И мы уходили, угорая как бешеные. Бедный парень оставался стоять на месте, словно растение, которое забыли полить: его руки безжизненно повисали, на лице появлялось скорбное выражение, его сердце было разбито.
Да, жестоко. Но парни видели в нас только красивые объекты. Поэтому мы использовали свою красоту в качестве оружия. Словно блестящую острую шпильку для волос. Которую выковали, чтобы ранить в самое сердце. Чтобы атаковать и защищаться.
Вот какой я была. Девчонкой, которая изображала роковую женщину. Алисой в гриме безжалостной Червонной Королевы. Женской версией Нарцисса, которого взволновало собственное отражение. Девочкой-подростком, которая, как мне кажется, была ничем не лучше и не хуже других.
Том знал об этом, но, кажется, не слишком переживал. Раньше я бы никогда не заинтересовалась таким парнем, как он. Я не стала бы копать глубже. Обратила бы внимание только на его жирноватые волосы, полноту, застенчивость и странности. Благодаря Тому я поняла, что в людях есть намного больше, чем внешность. У каждого внутри есть целый мир. Внутренний мир Тома был странным, причудливым, но вместе с тем невероятно творческим и чувствительным. Кто-то мог бы сказать, что Том был наделен почти женскими качествами. По крайней мере, слишком женскими, чтобы найти себе место в нашем маленьком городе. Но Том никого не осуждал. Когда он смотрел на меня, я чувствовала, что остаюсь самой собой. С моей историей, болью и шрамами. Ему, наверное, не хотелось ко мне прикасаться, да и я не была уверена, что хочу этого. Я не знала, был ли он моим спасательным кругом, моим другом или чем-то большим.

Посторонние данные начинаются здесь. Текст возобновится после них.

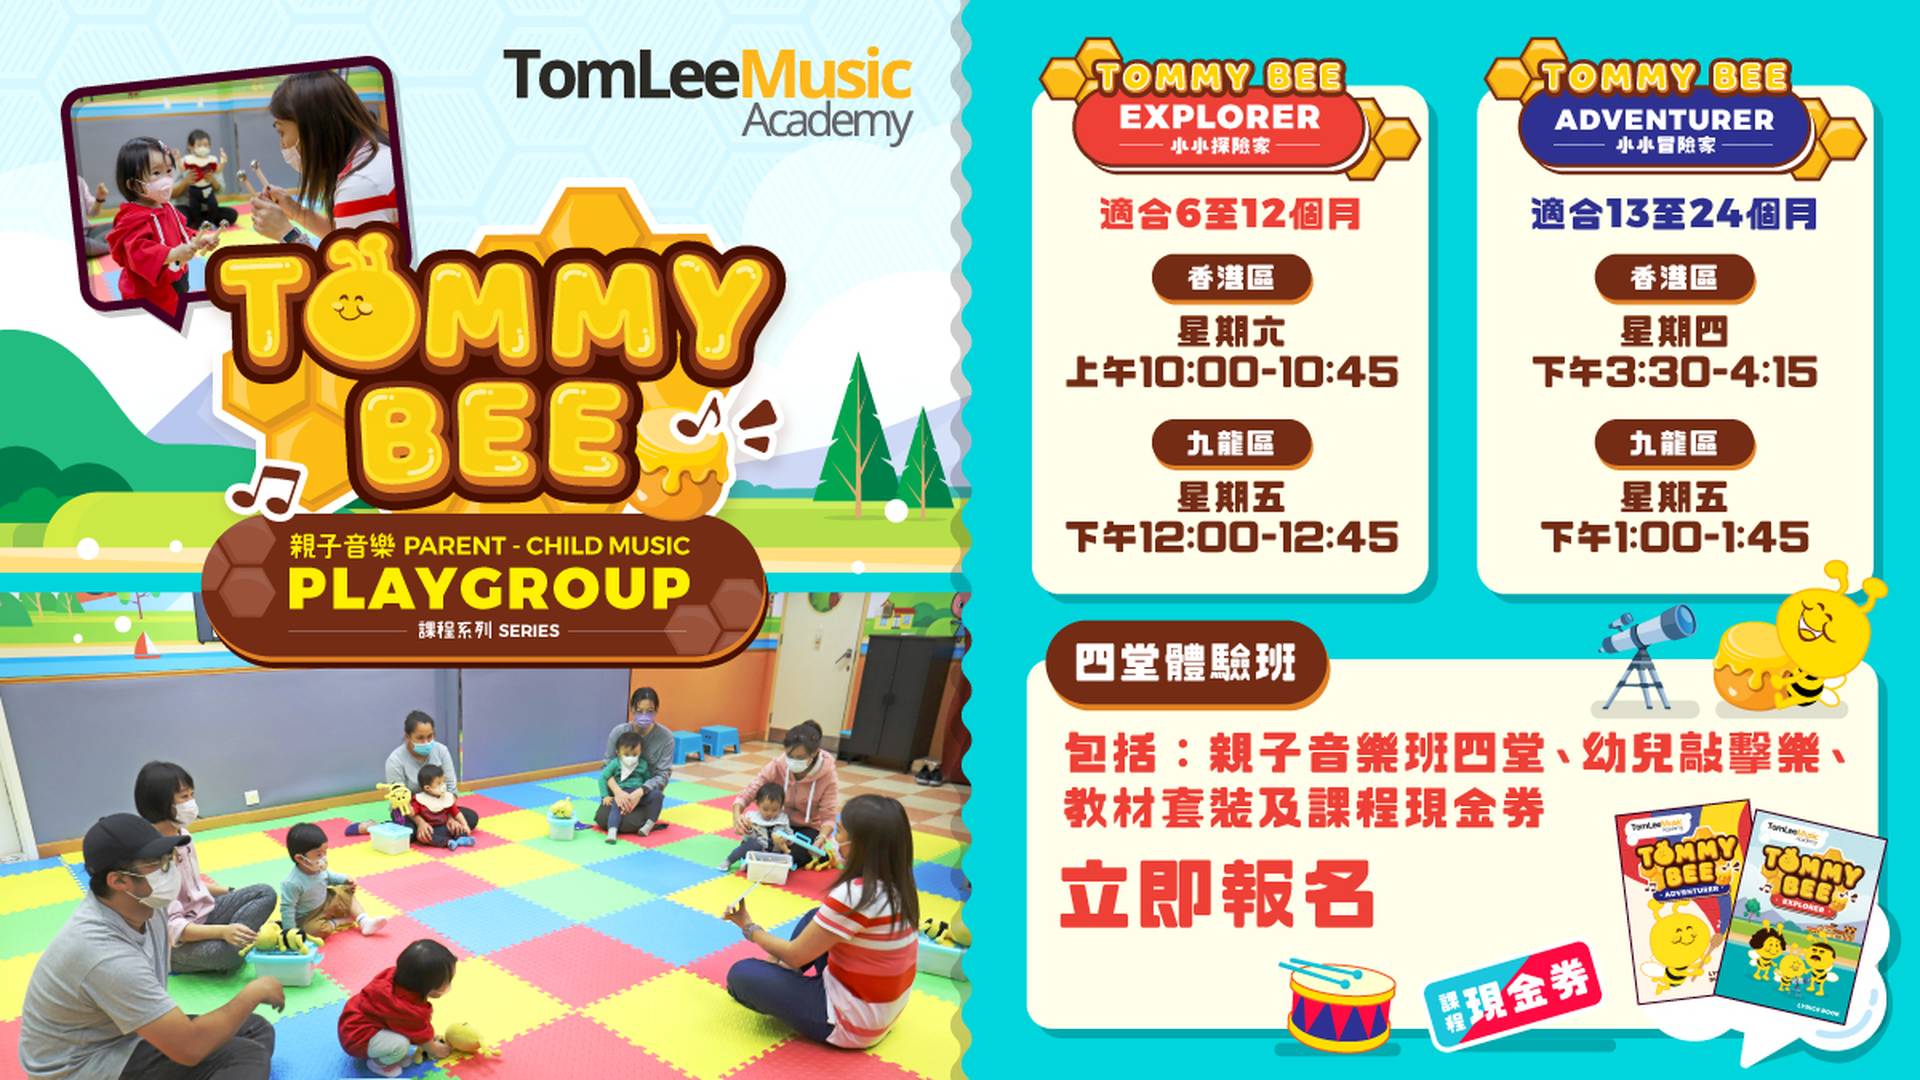 TOMMY BEE 親子 PLAYGROUP 課程 (6-24個月)  | 通利音樂藝術中心

Папин голос резко оборвал мои мечтания и ласки:
– Луиза, все готово!
И, словно эхо, раздался тоненький голос Сати:
– Луижа, готово!
Я надела папин халат и спустилась.
Папа, улыбаясь, сидел за накрытым столом.
– Лучше?
Пола моего халата распахнулась. Папа, смутившись, отвернулся и почесал только проступающую лысину.
Он не знал, как себя вести при виде моего юного тела. Еще большие проблемы у него вызывали шрамы, которыми это тело было усеяно. Это было слишком трудно для него.
Я подошла поближе и поцеловала его в щеку:
– Все в порядке, пап. Не волнуйся.
Мы ужинали под классическую музыку и лепет Сати, который радостно размазывал пюре по лицу.
Мы уже почти доели, когда зазвонил телефон.
Сати заорал:
– Летефон!
Я решила, что это, наверное, Патрисия, папина коллега, с которой он с переменным успехом пытался закрутить роман.
Отец встал и снял трубку телефона, висевшего на стене.
Папа обожал всякое старье. Проигрыватели, проводные телефоны, металлические, наполовину ржавые картофелемялки – вот его страсть. Микроволновки, мобильники и MP3-плееры ужасно его раздражали. Он мог часами говорить о вредном излучении, о детях, ползающих в колтановых шахтах, о горах мусора, которыми покрыта планета, и об ужасах капитализма. Конечно, у него был мобильный телефон, но использовал он его только для рабочих звонков. Он работал начальником охраны на бумажной фабрике и всегда должен был быть на связи: рабочие разобрали уже почти все станки, которые скоро должны были отправить куда-то в Восточную Европу.
– Луиза, тебя к телефону.
Я взяла трубку; это было странно, ведь мне никто никогда не звонил. У Тома моего номера не было, да и он все равно не решился бы звонить на домашний.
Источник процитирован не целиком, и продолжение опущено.